Vikings fire OC John DeFilippo after another flat performance
MINNEAPOLIS – The Minnesota Vikings, still seeking to salvage a season that started with Super Bowl designs, made a last-ditch move to capture a mid-December spark by firing offensive coordinator John DeFilippo.
Coach Mike Zimmer made what he called an “extremely difficult decision” on Tuesday morning, following a 21-7 defeat at Seattle on Monday night . DeFilippo’s first season on the job ended after just 13 games, amid a sharp decline in production by the offense over the past six weeks.
“I went round and round and round and round about it because I feel like, ‘I hired him. It’s my job to try to help him to continue to get better,“’ Zimmer said. “I obviously didn’t do a good enough job there. I’ve always felt like if you hire a guy, you should stick with him and try to help him and help him mature as a coach.”
The Vikings (6-6-1) have been held to under 300 total yards in four of their past five games. They’ve scored an average of 12.8 points in those four games. Thanks to the struggles of several of their NFC competitors, though, they’re still in control of the second wild-card spot with three games to go.
“I don’t want the season to be wasted. Now, maybe it will. Maybe it won’t,” Zimmer said. “But these three games, to me, are very, very critical.”
Quarterbacks coach Kevin Stefanski was made interim offensive coordinator, taking over the play-calling duty. Stefanski has been an assistant with the Vikings since 2006, surviving two head coaching changes. Having coached quarterbacks, running backs and tight ends under Zimmer, Stefanski has a firm grasp of the scheme and the personnel.
“We’ve got a lot of smart guys in that room, and I’ll try to help him best I can,” Zimmer said.
DeFilippo’s work with new quarterback Kirk Cousins didn’t materialize into consistent success, but Zimmer said his reasoning for dismissing DeFilippo transcended Cousins and his so-so first year with the Vikings.
“This really wasn’t about one guy. This was about a lot of us holding up our end of the bargain. It was a collective thing,” Zimmer said on a conference call with reporters. He added: “We had to shake things up and try to get better.”
Stefanski will be the fourth play-caller in five years under Zimmer, whose first offensive coordinator, Norv Turner, resigned halfway through the 2016 season. Pat Shurmur thrived in the role last year, behind a career-best season for fill-in quarterback Case Keenum and a 13-3 record that propelled the Vikings to the NFC championship game.

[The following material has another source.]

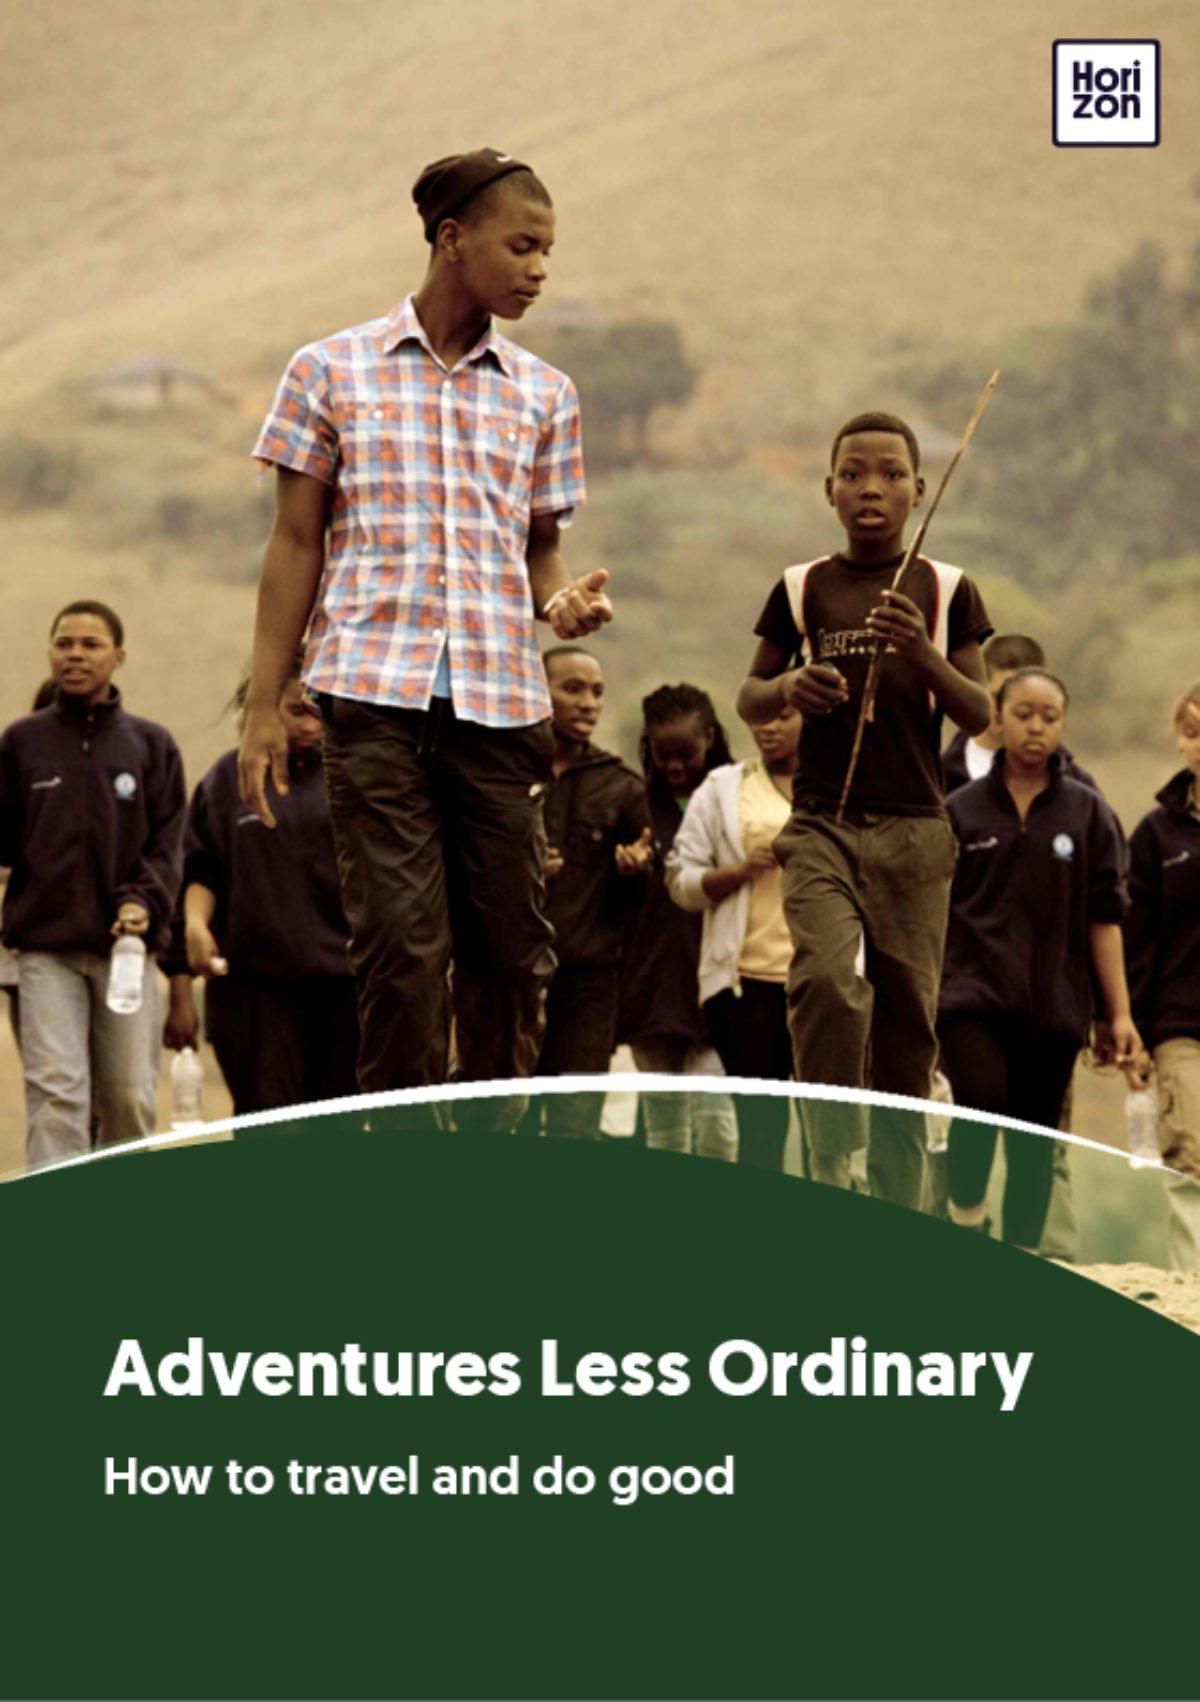 Adventures Less Ordinary

Shurmur, however, was hired as head coach of the New York Giants. He wanted to bring Stefanski with him, but Zimmer blocked that move out of a desire to keep him on his own staff.
The 40-year-old DeFilippo came from Philadelphia, where he was lauded for his work as quarterbacks coach with Carson Wentz and then Super Bowl MVP Nick Foles. He had previously served one season as an offensive coordinator, in 2015 with Cleveland.
The Vikings, who committed a guaranteed $84 million to Cousins on an unprecedented three-year contract, piled up the passing yards over the first eight games. Adam Thielen and Stefon Diggs were dominating opposing teams, and the Vikings topped 400 total yards four times.
Lately, they’ve been unable to generate nearly enough points to stay in the NFC North race with Chicago (9-4). Zimmer publicly questioned DeFilippo’s decision-making more than once over the past month, stressing his interest in more of a run-pass balance and chiding him at one point for essentially trying to trick too many teams rather than relying on the offense’s strengths.
The Vikings didn’t cross midfield on Monday night until late in the third quarter. They actually had a prime opportunity to pull out a victory down the stretch, after a 48-yard pass by Cousins to Diggs set them up in the red zone. They had first-and-goal from the 4, but Cousins threw two incompletions, missing an open Thielen on fourth down and misfiring to tight end Kyle Rudolph instead.
“I think the added piece of the disappointment is when your defense is playing so well,” Cousins said after the Vikings went scoreless against the Seahawks until a garbage-time touchdown with 1:10 left in the game.
He added: “If our offense would bring it the way that we brought it in the earlier weeks of the season, we could be pretty dangerous. Unfortunately, we haven’t put the whole complementary football together enough this season to really be the team that I think we know we’re capable of, and that will be the challenge these last three weeks.”